Hawaii Air National Guard F-22s are deploying to an exercise in the Western Pacific that includes a large number — about 25 — of the stealth fighters from Hawaii and Alaska that are a key part of the “kick down the door” force for any possible conflict with China.
“Pacific Iron 2021” will focus on deploying and sustaining air power from smaller and dispersed bases on Guam and Tinian Island in the Northern Mariana Islands and also includes about
10 F-15E Strike Eagles and two C-130J cargo aircraft, Pacific Air Forces said Monday.
Retired Air Force Lt. Gen. Dan “Fig” Leaf, a former deputy commander of U.S. Pacific Command and now managing director of security consultancy Phase Minus 1, said he’s not aware of a previous exercise utilizing F-22s in such numbers.
“I’m not in the Department of Defense anymore, so I have no insight into who’s messaging whom specifically,” Leaf said. “But what I would say is if I’m China, I’d pay attention to the message — whether it’s intended for them or not — because this is capability both in the aircraft, the F-22, and the flexibility and expeditionary nature of the U.S. Air Force that goes back to World War I, that they (China) can’t duplicate.”
Leaf added that if he were in China’s shoes, “I’d take it as a demonstration of the legitimacy of the American commitment to the region, because messaging is one thing when it’s just words.

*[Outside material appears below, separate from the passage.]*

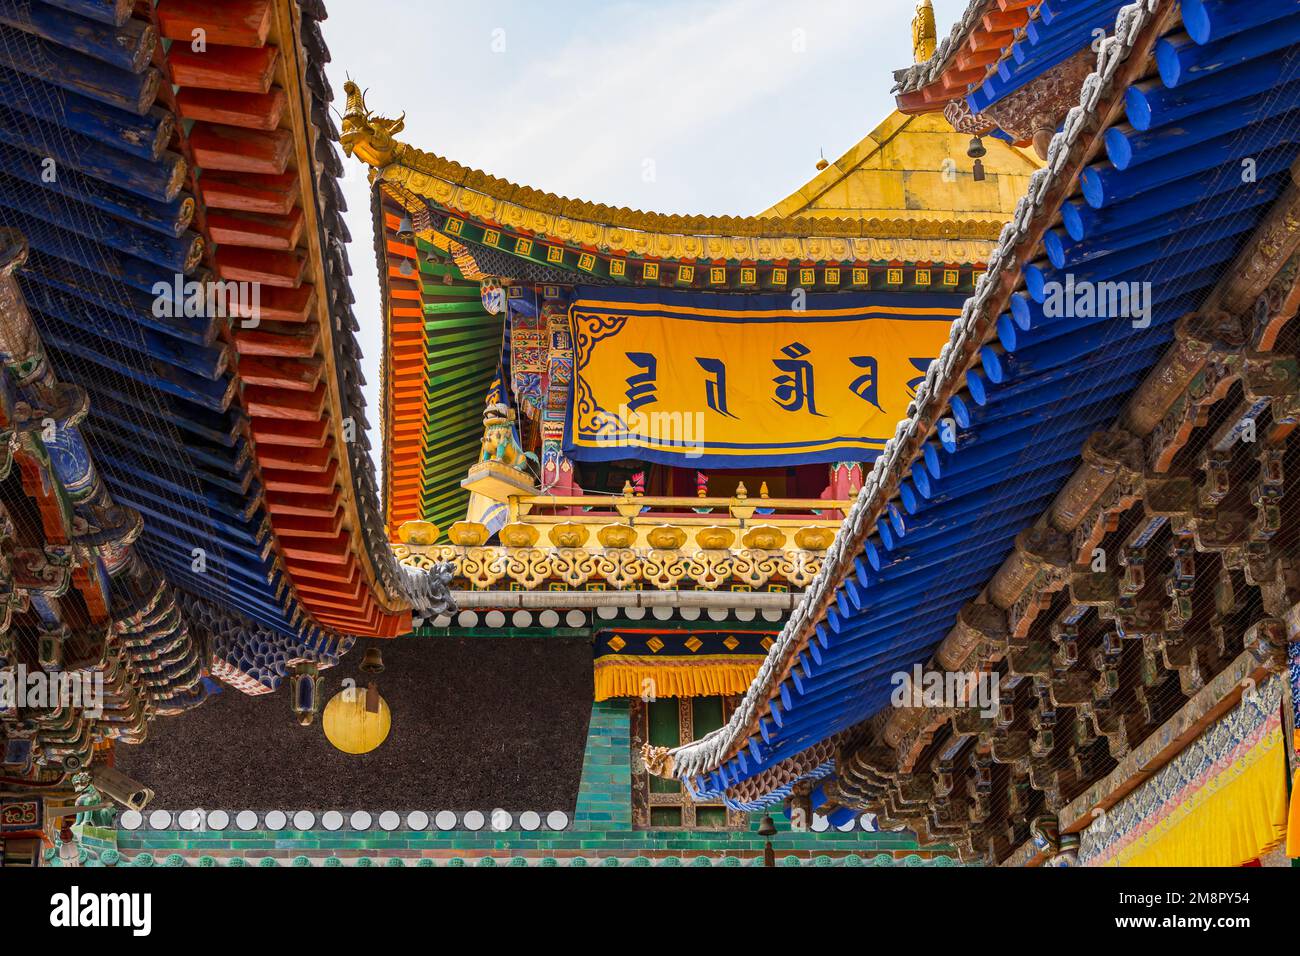 Colorful roofs with beams and ornaments and spectacular decorations at a temple in Kumbum Jampaling Monastery, Xining, China Stock Photo
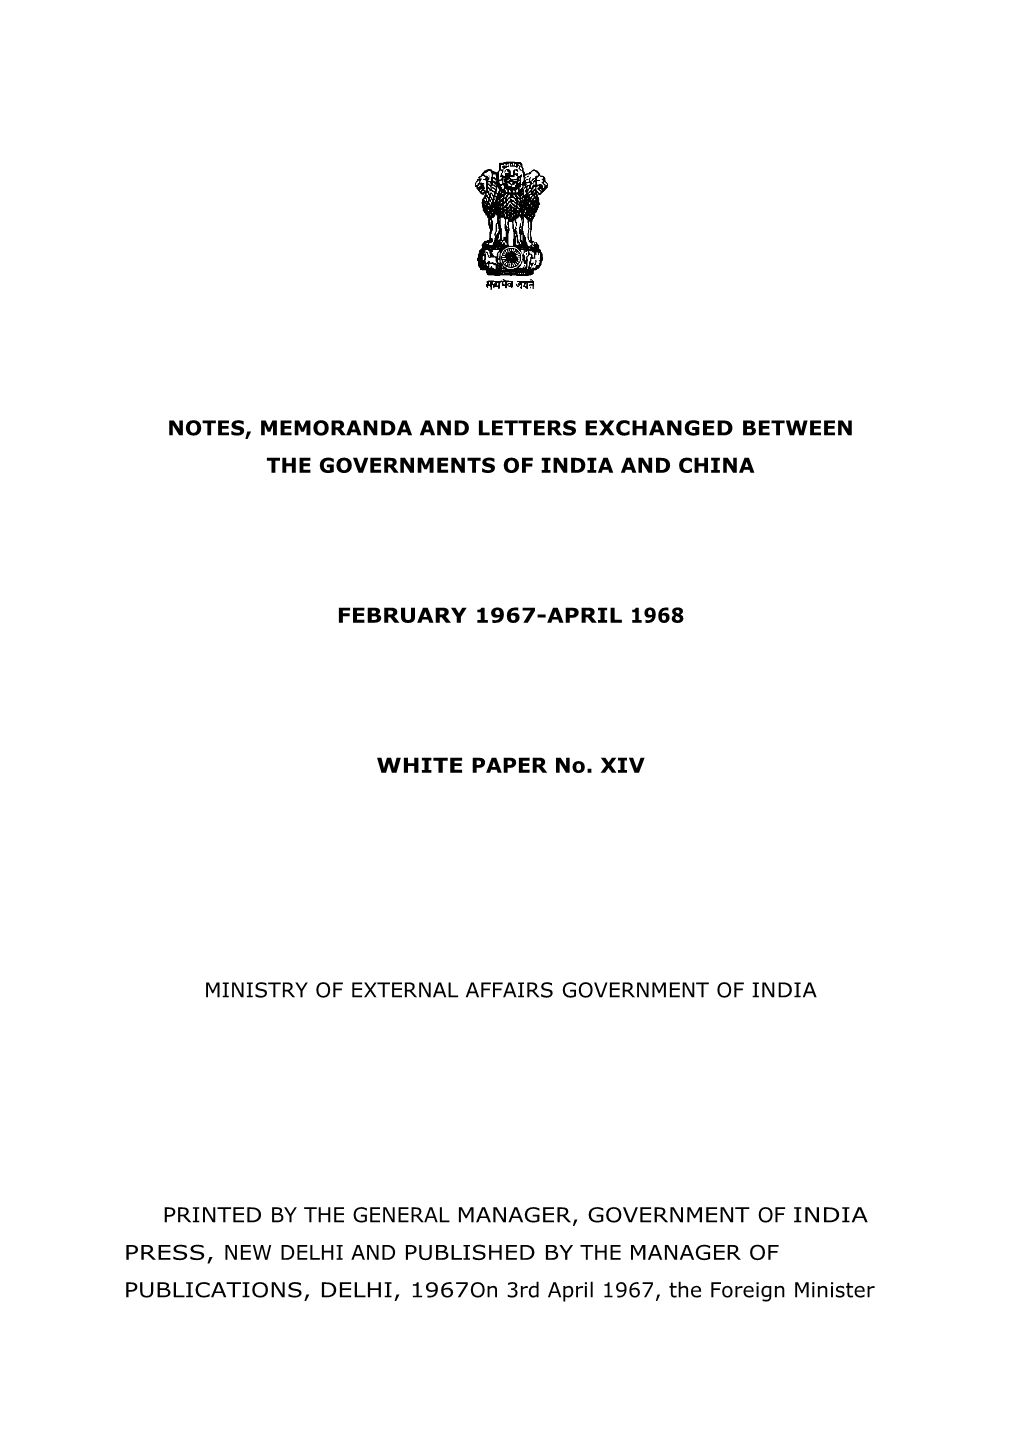 NOTES, MEMORANDA and LETTERS EXCHANGED BETWEEN the GOVERNMENTS of INDIA and CHINA FEBRUARY 1967-APRIL 1968 WHITE PAPER No. XIV M

But this is not just a statement, it’s an investment in
capability because it’s not cheap to deploy 25 F-22s from two different bases to the Western Pacific.”
The exercise being held in “July” — Pacific Air Forces wasn’t more specific — involves more than
35 aircraft and 800 personnel, and takes place at three airports on Guam and one on Tinian.
Although deterrence is the goal, in the event of conflict with China, aircraft with stealth and advanced sensors such as F-22s, F-35 Lightning IIs, B-2 bombers and, in the future, B-21 Raider bombers and the Next Generation Air Dominance, or NGAD, fighter, would lead the air campaign.
Once in the Western Pacific, those aircraft — and others — would have to avoid being targeted on the ground by an increasingly sophisticated array of missiles.
Pacific Iron 2021 will focus on simulated combat flight operations using “agile combat employment,” or ACE. Gen. Kenneth Wilsbach, commander of Pacific Air Forces headquartered at Joint Base Pearl Harbor-Hickam, said during a media briefing in June that instead of concentrating aircraft on large bases, ACE calls for dispersing forces to many hubs and spokes “so that you would be moving about between the hubs and spokes multiple times per day, multiple times per week.”
The strategy “creates a targeting problem for any adversary because not only would they have to target the hubs, but they would also have to target the spokes,” Wilsbach said, “and that really dilutes the amount of firepower that they can put down on any one of those targets.”
He said the Air Force has been “expanding the envelope on ACE in about the last five or six years,” and “as you pay attention to our operations throughout the Pacific, you’re going to see this.”
He added that “we’ve pretty much looked at
every piece of concrete in the region, and we’ve analyzed it and assessed it for possible use as places to operate to and operate from.”
The F-22 Raptor is an aircraft that China pays close attention to, meanwhile.
“The F-22 is a fundamentally unique airplane due to the unparalleled integration of stealth, sensor technology, processing power and unrivaled flight performance,” retired Air Force Lt. Gen. David Deptula and Douglas Birkey, executive director of the Mitchell Institute, said in
a 2020 opinion piece in
defensenews.com.
“Adversaries respect the aircraft and that is precisely why they are regularly deployed as a signal of resolve,” the pair wrote. “If conflict erupts, F-22s will be at the forefront of operations.”
The Air Force is looking
at replacing the F-22 in the 2030s with the Next Generation Air Dominance fighter — a demonstrator of which already has flown.
Leaf, a former combat pilot with more than 3,600 flying hours, said if there was a great power conflict “and I was, through some stretch of the imagination, told I was going to participate in it as a fighter pilot, and I had any platform in the world to pick to employ — it would be the F-22.”
That would be his pick as of today, he noted.
“In 2030, it might still be the F-22, but it might not be as dominant as this key enabling capability needs to be. Doesn’t mean it’s still not extraordinarily capable.”